Before connecting the Botboarduino to the computer, there is a bit of adjustment needed for the board to work that is specific to the Botboarduino. On the Botboarduino, near the power input screw terminals, there is a pin jumper used to select between USB power and external power. In order to program the board, the jumper must be set to the USB power option. Note that after programming the board, we will need to set the jumper for external power instead.

Finally, connect the Botboarduino to your computer. In the Arduino IDE, select Arduino Duemilanove as the board type and make sure the correct COM port is selected. Then, click the upload button.

Step 20: Mount Botboarduino Onto Chassis Top

Now that the quadruped code has been uploaded to the Botboarduino, we can get back to assembling the robot. The Botboarduino mounts into the quadruped Chassis Top with the M3 heat-set inserts we installed earlier. Ultimately we will be building a kind of stack of electronics inside the quadruped Chassis with the Botboarduino on the bottom, the controller receiver in the middle, and the SSC-32 servo controller on the top.

To mount the Botboarduino, first, place a 6mm nylon standoff into each of the threaded inserts to make a bit of space for the Boatboarduino. Then, place the Botborduino on top with the USB port and power input screw terminals facing the back of the robot (the side opposite the small fin which will be used for the eye). Fasten the controller in place with four 10mm nylon standoffs.

Step 21: Solder Wires to NeoPixel Ring

The NeoPixel ring does not come with any wires or connectors, so we will need to add a way to connect the NeoPixel ring to the Botboarduino. We will solder three wires onto the NeoPixel ring: one for power, one for ground, and one for the signal input. There are a total of four solder pads on the NeoPixel ring though; the Data Out pin will be left unconnected.

So, solder a black wire to the Ground pad on the NeoPixel ring, a red wire onto the Power pad, and a yellow wire onto the Data Input pad.

Step 22: Mount and Connect NeoPixel Ring

With wires attached to the NeoPixel ring, it is time to mount the ring onto the quadruped Chassis Top piece. On the front of the piece, there is a circular fin. Using hot glue, attach the NeoPixel ring to the front side of this fin. The orientation of the NeoPixel ring is not particularly important.
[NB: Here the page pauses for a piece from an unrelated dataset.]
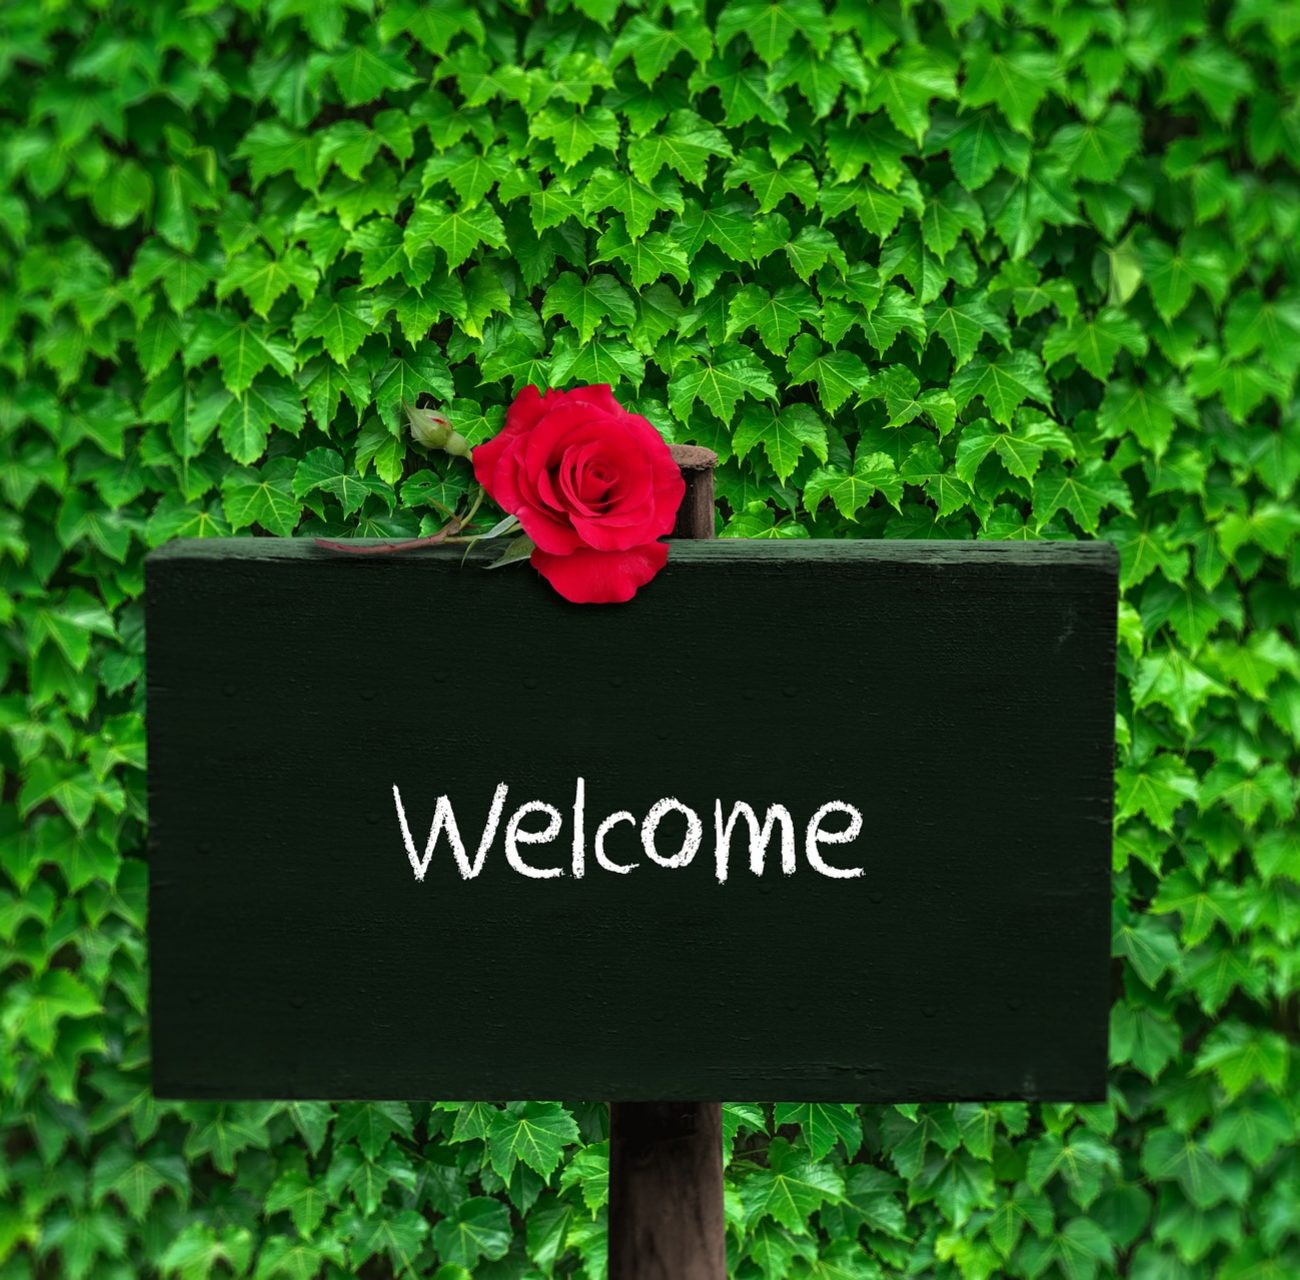 Welcome with red rose and green background

To connect the NeoPixel ring to the Botboarduino, first connect the black wire to ground and the red wire to 5V. I like to pass the wires underneath the Botboarduino and then back up to connect to the pins for cable management. Then the yellow signal wires connects to GPIO pin 3.

Step 23: Connect Wires for SSC-32 Connection

Because we will be placing all of the electronics into a kind of stack inside the robot, there are some wires we need to add now that will connect to other components later on; this will prevent the pins we need to connect from being obstructed by other parts. The first set of wires will eventually connect the Botboarduino to the SSC-32.

The Botboarduino communicates with the SSC-32 over a serial connection; so there are two wires that form the serial connection, plus a ground connection. Place a wire on the ground pin closest to the standoff closest to the set of four jumpers. Then, for the actual serial communication, place a yellow wire on GPIO pin 13 and a red wire on GPIO pin 12.

Step 24: Mount and Connect PS2 Controller Receiver

The robot is controlled by a third-party Playstation 2 wireless controller from Lynxmotion. The receiver for the controller will be mounted above the Botboarduino on one of the nylon standoffs already in place. Before attaching the controller receiver to the bundle of electronics inside the robot, we need to connect the controller to the Botboarduino.

There are a total of six pins on the controller receiver.

PS2 Controller PinBotboarduino Pin
DATconnects toGPIO 6
CMDconnects toGPIO 7
ATTconnects to8
CLKconnects to9
GNDconnects toGND
5Vconnects to5V

Step 25: Add Power Wires

A single power supply delivers energy to both the Botboarduino and the SSC-32 servo controller. The power supply connects directly to the SSC-32, a setup we will wire in the next step, and then the SSC-32 and Botboarduino power systems are tied together. In this step, we will add a pair of wires to the Botboarduino that will later connect to the SSC-32.

On the Botboarduino, there are two power input screw terminals: one labeled VS and one labeled VL. Connect a black wire to the VL negative screw terminal and a red wire to the VL positive screw terminal. For now the wires will just be left dangling.

Step 26: Connect Power to SSC-32

Now there is a wire attached to the Botboarduino waiting to deliver power to that board from the SSC-32. The SSC-32 will have two power wires connected to it. First, connect a black wire to the negative terminal of the barrel jack adapter and a red wire to the positive terminal.

On the SSC-32, there are three power input screw terminals: VS1, VL, and VS2. There are also three pin jumpers, two on the VS2 side and one on the VS1 side. It should be set up this way out of the box, but make sure all three pin jumpers are connected. This setup basically ties the servo power system and the logic power system together so that both systems can be powered by a single power supply.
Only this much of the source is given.